Kristoff! I told you the Brotherhood people would be here to pick up Mattias and Kristjana! Go away before they see you!
Dio , he swore. I thought they would be gone by now. Did you find out where Alec is?
No, I haven’t even brought that up.
“Kristoff?” Janice said, suspicion tainting the word.
“Yes, he’s my . . . er . . .”
“Husband,” Kristoff said, appearing in the doorway. He eyed the two Brotherhood folk for a moment. I do not know them. Where are they from?
Seattle.
Then they will not know me, either. I have not worked in the United States. “Kristoff von Hannelore,” he added, making a little bow.
Von Hannelore? I asked, somewhat surprised by his surname. I had been too flustered at our rushed wedding to notice what name was listed for him on the papers, and hadn’t thought to ask him about it since. Isn’t that German? I thought you were Italian.
My parents were from a small principality in what is now Germany. I lived there in my youth.
“But . . . you’re married to the sacristan,” Janice said, frowning.

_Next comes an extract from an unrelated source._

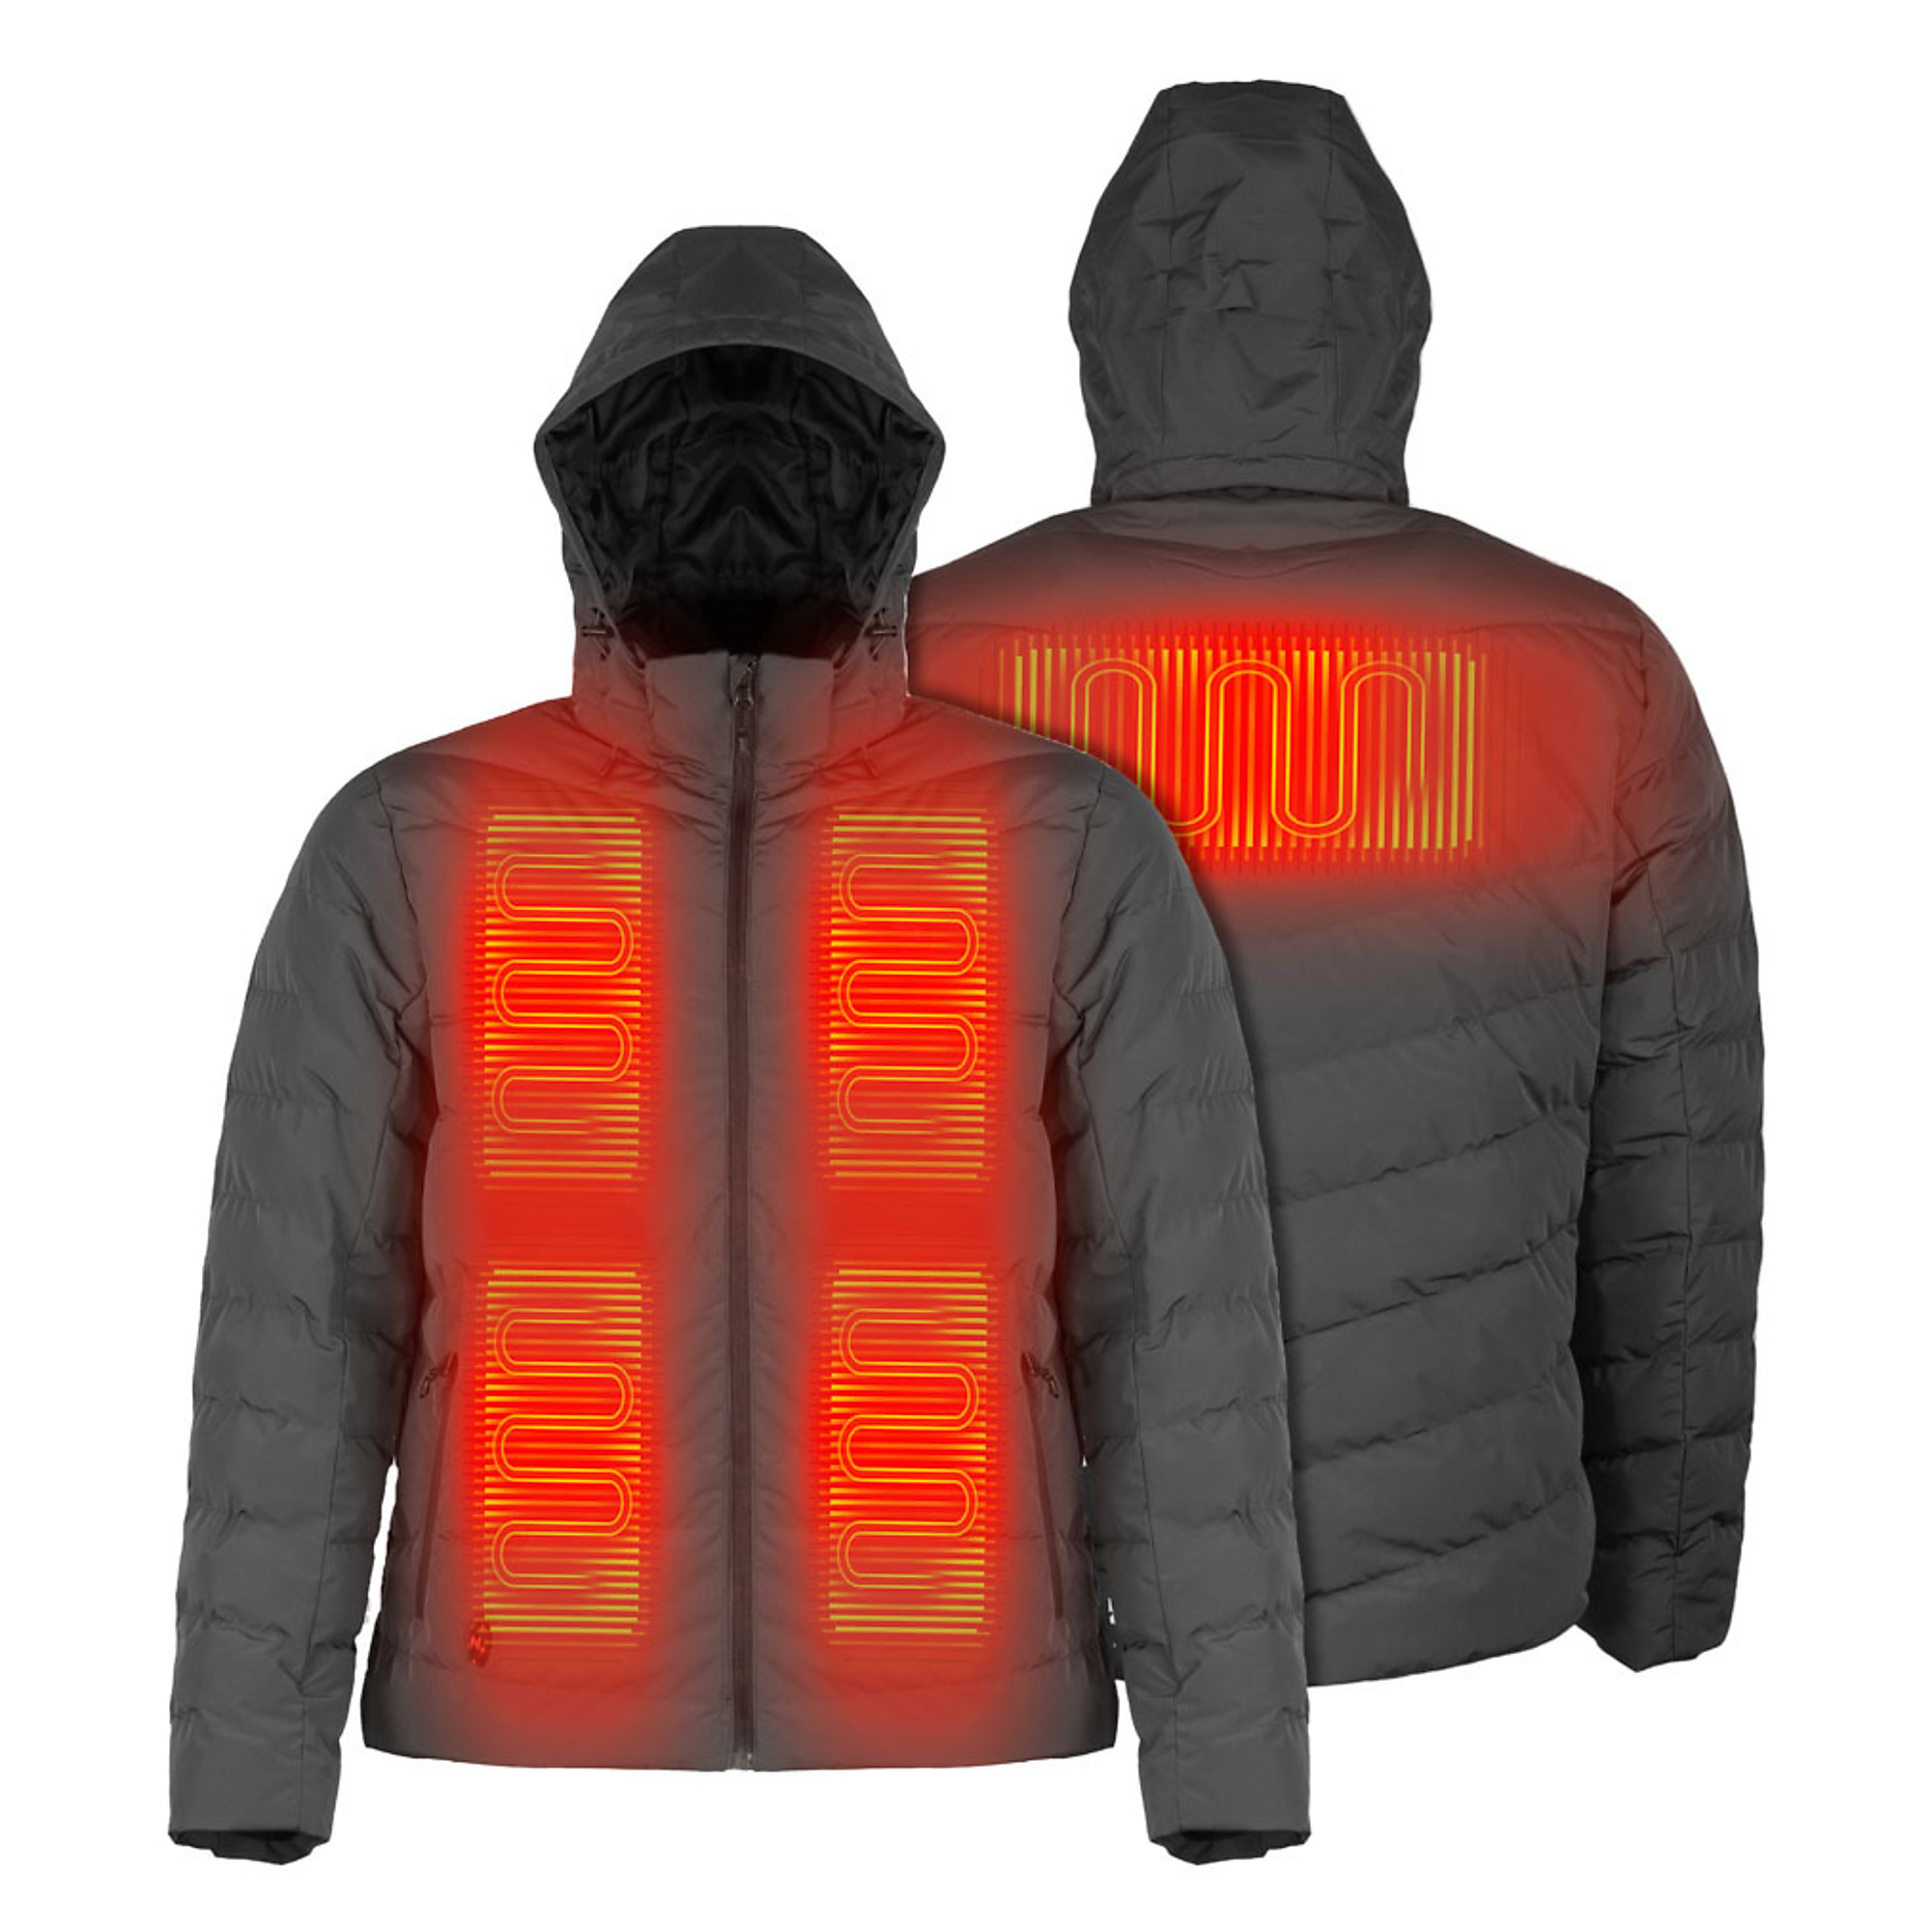 Fieldsheer, Men's Crest Heated Jacket with 7.4v Battery, Size 3XL, Color Black, Model MWMJ37010722

Mattias took my hand and kissed my fingers. “Yes, she is. My Pia. My wife. She needs me. Licks?”
Kristoff pried Mattias’s fingers off my hand, taking it himself. “She was married to me first.”
“It’s a bit complicated,” I said, wondering how on earth I could explain Kristoff.

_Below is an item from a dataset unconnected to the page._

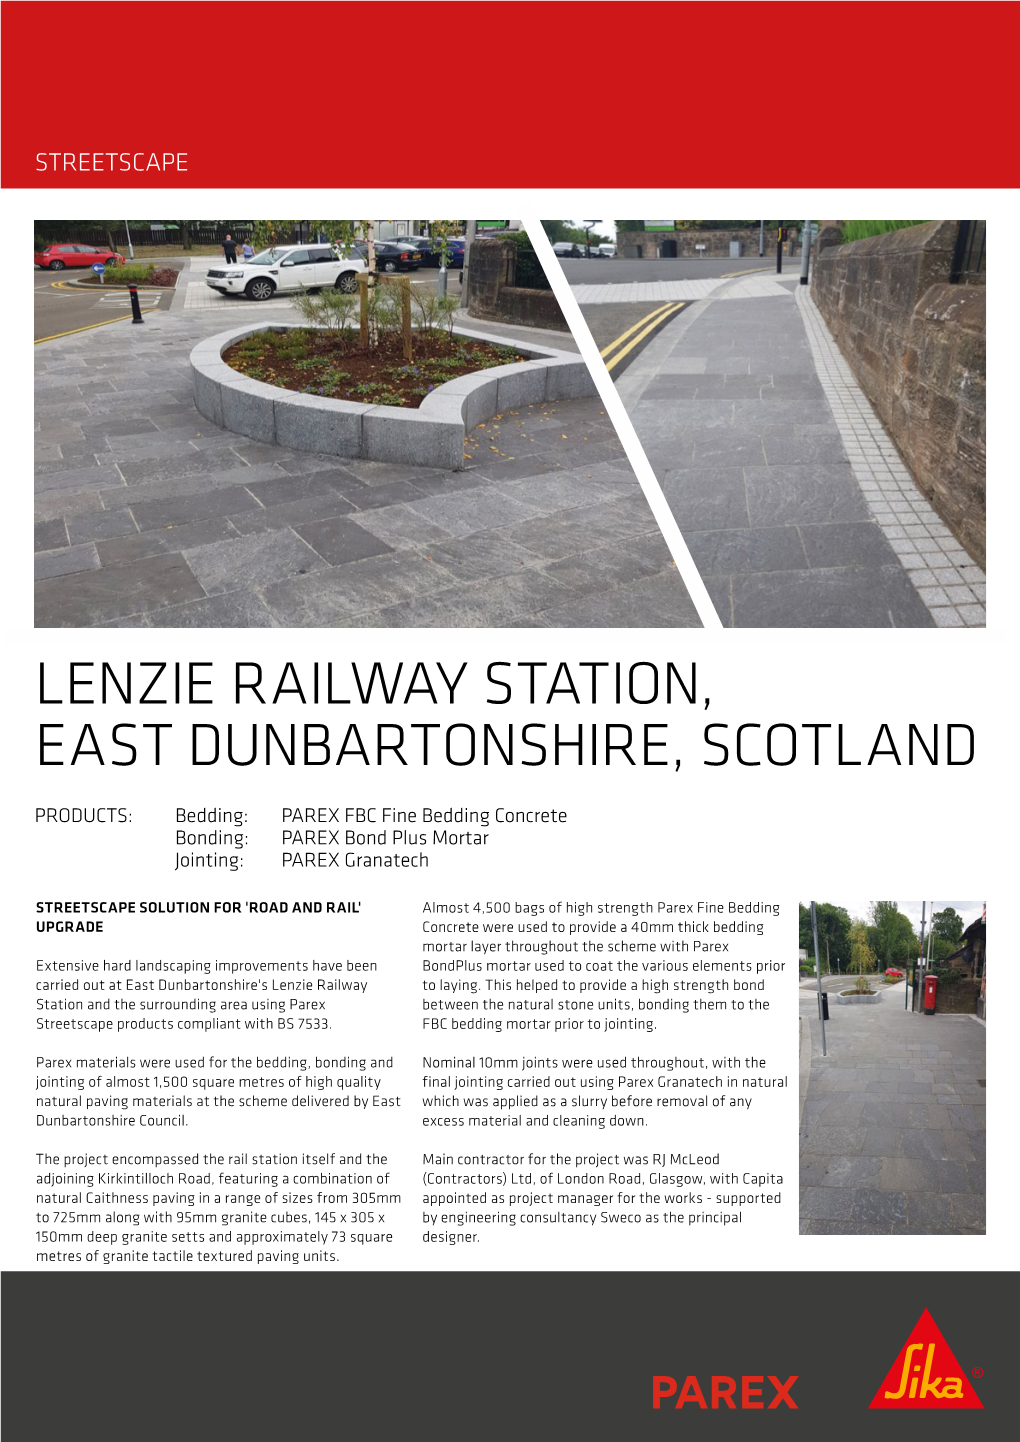 Lenzie Railway Station, East Dunbartonshire, Scotland

“Kristoff is my friend, too,” Mattias added, beaming at him and trying to take his hand.
Kristoff growled, I am not used to having to be explained.

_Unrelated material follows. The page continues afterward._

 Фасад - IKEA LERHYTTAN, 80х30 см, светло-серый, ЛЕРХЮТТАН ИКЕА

Yeah, well, people who charge in on meetings with their mortal enemies just have to tough out what they find.
“You have two husbands?” Rick asked a bit hesitantly. “Is that legal?”
“Well . . . technically-”
“Yes,” Kristoff said quickly.
They don’t seem to realize you’re a vampire. I’m glad, but I have to say that it surprises me a bit.
It’s not like we walk around with a big sign pointing to us proclaiming, “Dark One,” you know.
Yes, but you’re their area of specialty. Shouldn’t they at least sense something different about you?
Experienced reapers might. These two appear innocuous.
“I like licking,” Mattias said, apropos of nothing.
“You try and you’ll find yourself without a tongue,” Kristoff threatened as Mattias grinned at him.
“Mattias! Sit!” I ordered, pointing to the chair. “No licking! No kissing! And stop trying to hold Kristoff’s hand.”
“Pia, Pia, Pia,” was his sad little refrain as he obeyed my command and sat in a chair next to me, pouting slightly as he clutched the hem of my gauze skirt.
“What you have done to that poor man-to both of them . . .” Janice said, her face dark with malevolence. “You will answer to the governors for these crimes; oh, yes, you will!”
Rick had been giving Kristoff a thorough visual examination, and said finally, a puzzled frown between his brows, “You are not a member of the Brotherhood?”
“No,” he said, tensing.
“Kristoff is helping me with . . . er . . . finding Ulfur,” I improvised, hoping the mostly true statement would pass muster. “Which isn’t going to be easy at all. An Ilargi has taken his soul.”
“Ilargi!” Janice gasped. “Here? You must stop him!”